All else (i.e gender) being equal, the change in the probability of being killed increases by 2% when the age increases by 1 year.

M_small <- glm(killed ~ age, data = users, family = binomial(link = "logit"))

texreg::screenreg(list(M, M_small))


============================================
                Model 1        Model 2      
--------------------------------------------
(Intercept)         -4.35 ***      -4.47 ***
                    (0.04)         (0.04)   
age                  0.02 ***       0.02 ***
                    (0.00)         (0.00)   
sexeFemale          -0.56 ***               
                    (0.04)                  
--------------------------------------------
AIC              31331.57       31533.55    
BIC              31360.75       31553.01    
Log Likelihood  -15662.79      -15764.78    
Deviance         31325.57       31529.55    
Num. obs.       123785         123787       
============================================
*** p < 0.001; ** p < 0.01; * p < 0.05

AIC is lower in M (Model 1) than M_small (Model 2) : M is a better model. So including the gender in the model seems to improve the quality of the prediction.

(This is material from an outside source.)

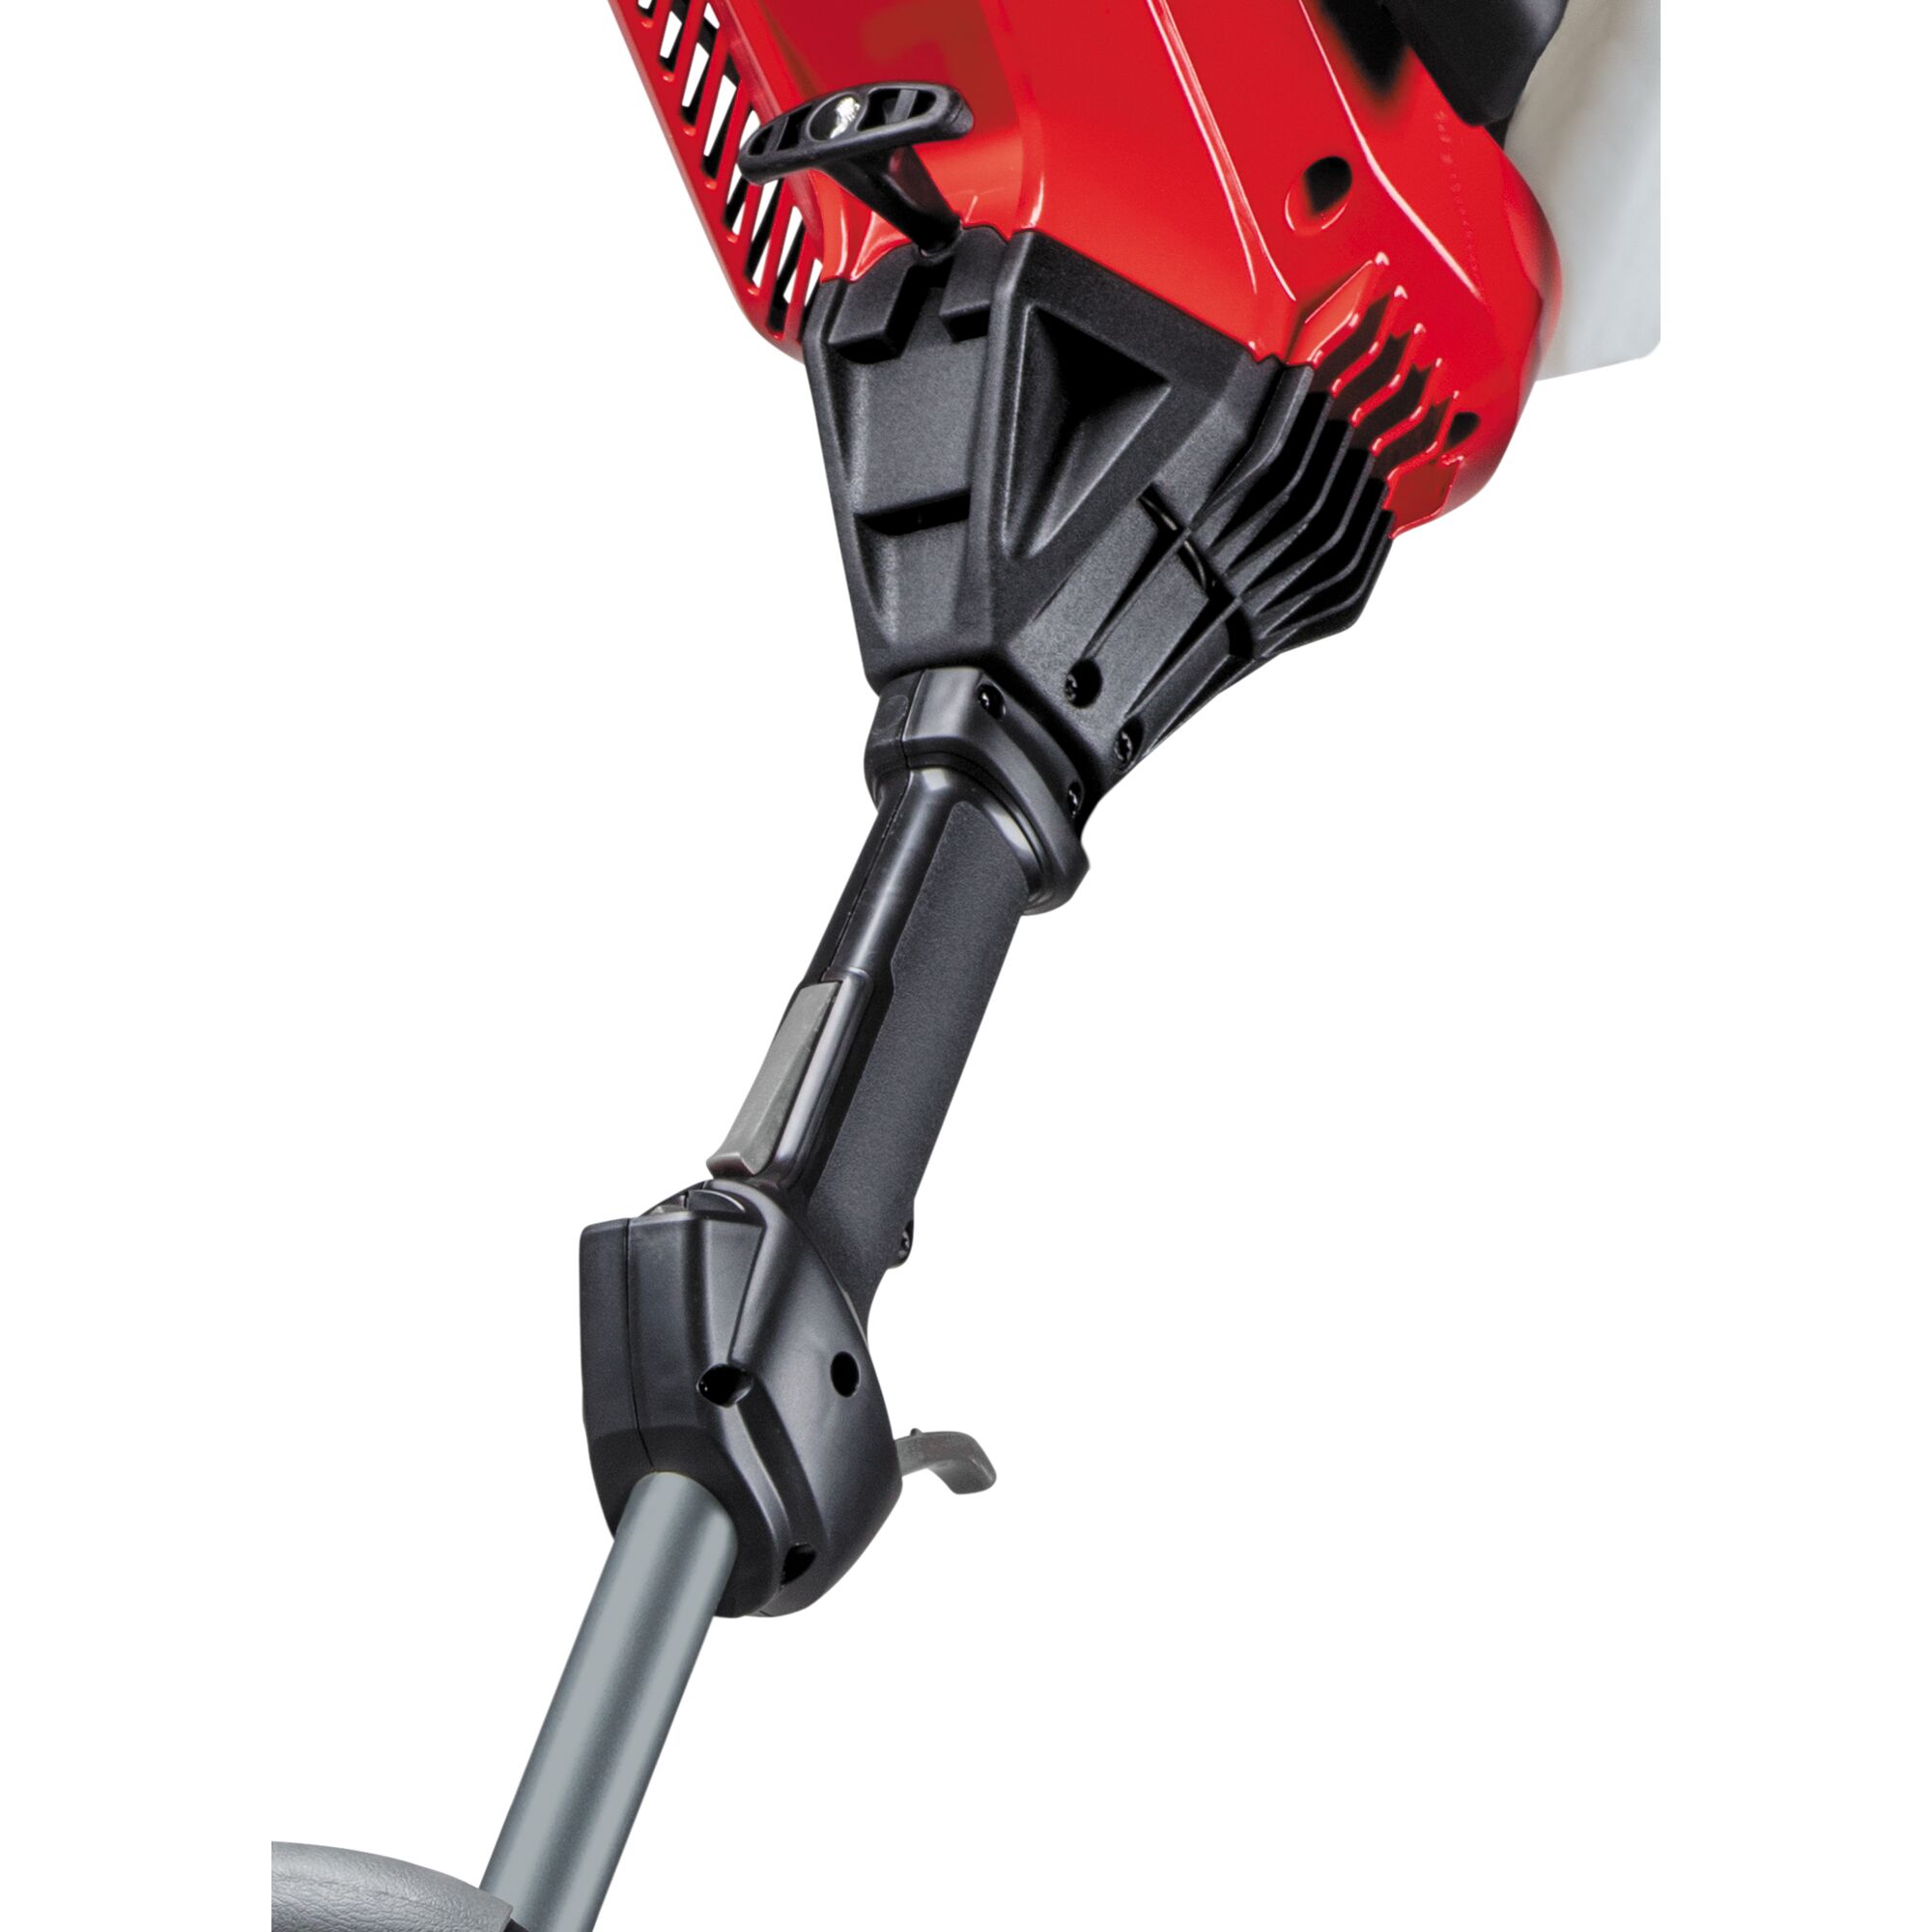 Soft grip ergonomic handle feature of feature of Weedwacker 30 C C 4 cycle 17 inch attachment capable straight shaft gas trimmer.

In addition, the variable sexe is highly significant.

Submission

Submit your completed exam2_solution.R script via email to kim.antunez@sciencespo.fr by the specified deadline. Use the email subject: “DSR Exam 2 Submission” and detail the names of the students.

Make sure your script is well-organized. It should include clear and concise code, comments explaining your approach, and visualizations (if required).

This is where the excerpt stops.